Сперва иголка ненадолго остановилась возле цифры "3", затем поползла дальше и окончательно замерла у восьмерки.

-- В тридцать восемь лет! -- вскрикнула Светка. -- Не может быть! Вот умора!

И тут уж хохотать принялись все три -- потому что смешнее тридцати восьми лет самих по себе для двенадцатилетних девчонок могла быть только свадьба в тридцать восемь лет.

Они так веселились, что даже забыли спросить, за кого же все-таки выйдет замуж Тома. И так было ясно: не за принца. В такие-то годы! Воображение рисовало им какого-то пузатого дядечку вроде директора их школы, у которого прядки жидких волос противно лепились к круглой лысине.

Потом позвонила мама Оли и потребовала, чтобы та скорее возвращалась домой. Было уже поздно.

Оля пошла домой дорогой, по которой обычно ходила с Томкой. Было темно, горели фонари, и Оле вдруг стало грустно-грустно: она пожалела сразу о двух вещах -- что ничего не спросила у чертика о себе и что Томка, оказывается, такая несчастливая. Ведь в глубине души Оля хорошо к ней относилась.

Она решила ничего Томке не рассказывать о чертике и вообще забыть об этой истории навсегда.

Светка, правда, назавтра жаловалась, что из-за того, что они нормально не попрощались с чертиком, кто-то всю ночь дышал у нее над ухом, но Оля и Катька ей не поверили.

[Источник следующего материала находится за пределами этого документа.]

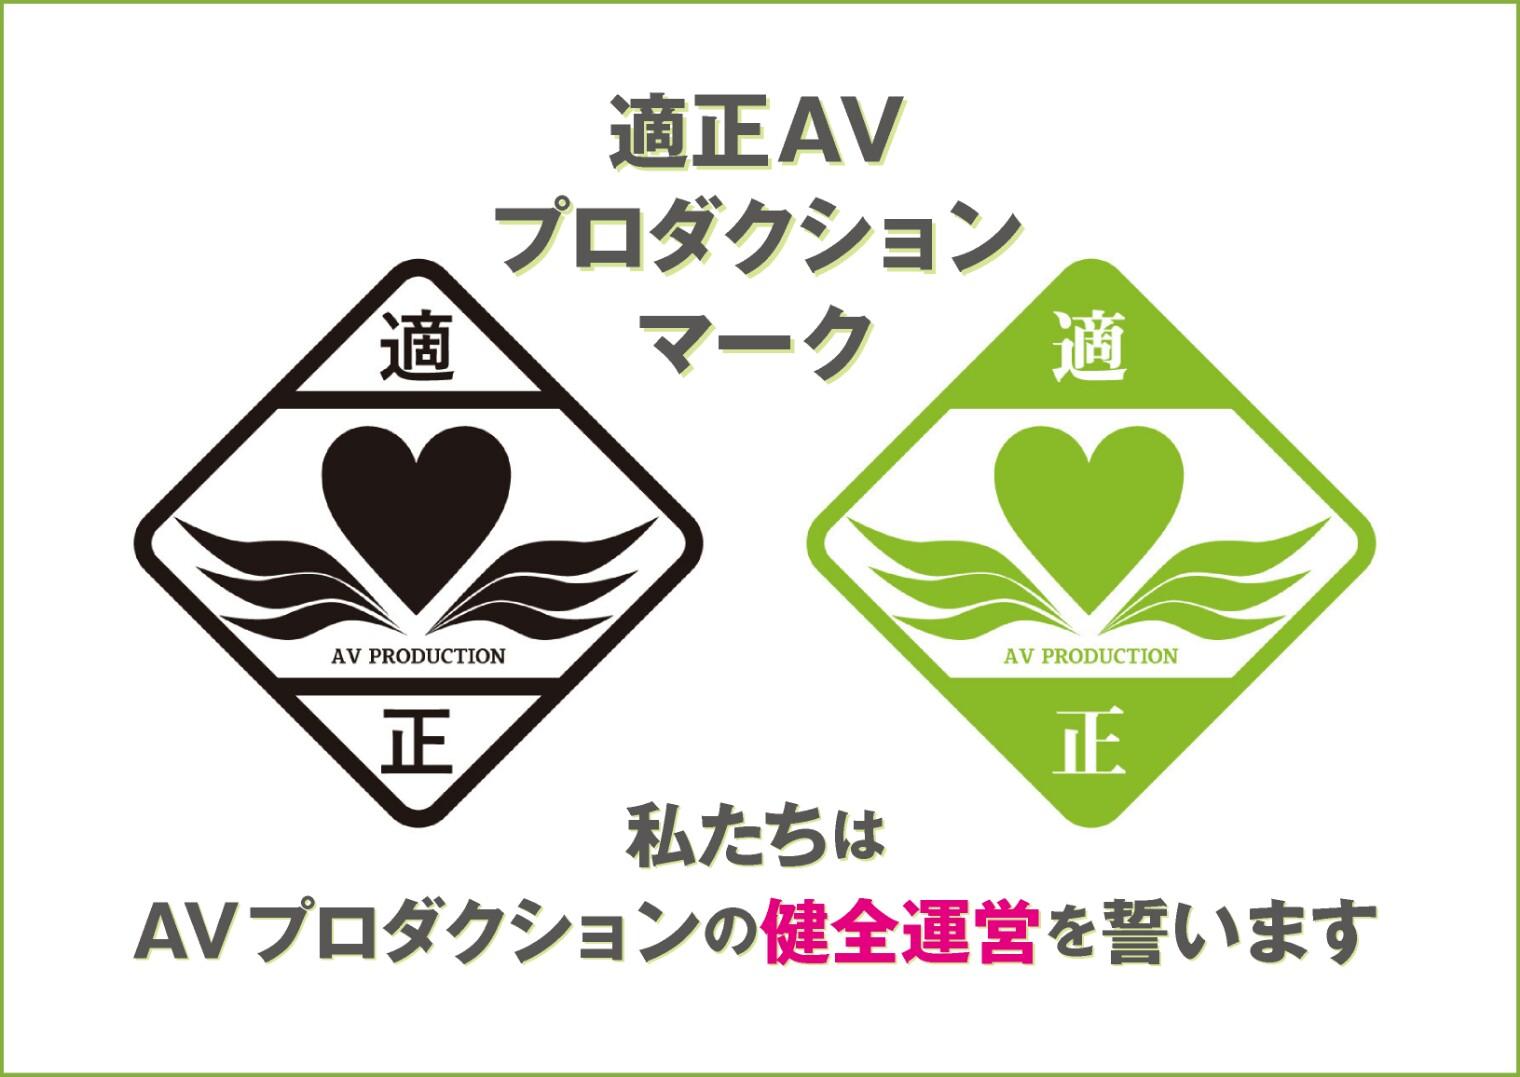 適正AVプロダクションマーク

А потом... потом Светка действительно стала встречаться с Пашей и вышла за него замуж. Не в 22, а еще раньше, в 19, по залету. Потом разошлись, Светка кого-то другого себе нашла. Катька выскочила замуж за немца по имени Вольфганг. Живет в Берлине, размещает в "Одноклассниках" фотки: такая же улыбчивая, аж сверкает. А Тома... Тома и верно была одна, все время одна, пока вот недавно не удивила всех -- вышла-таки замуж, в 35 лет, да, чертик немного ошибся.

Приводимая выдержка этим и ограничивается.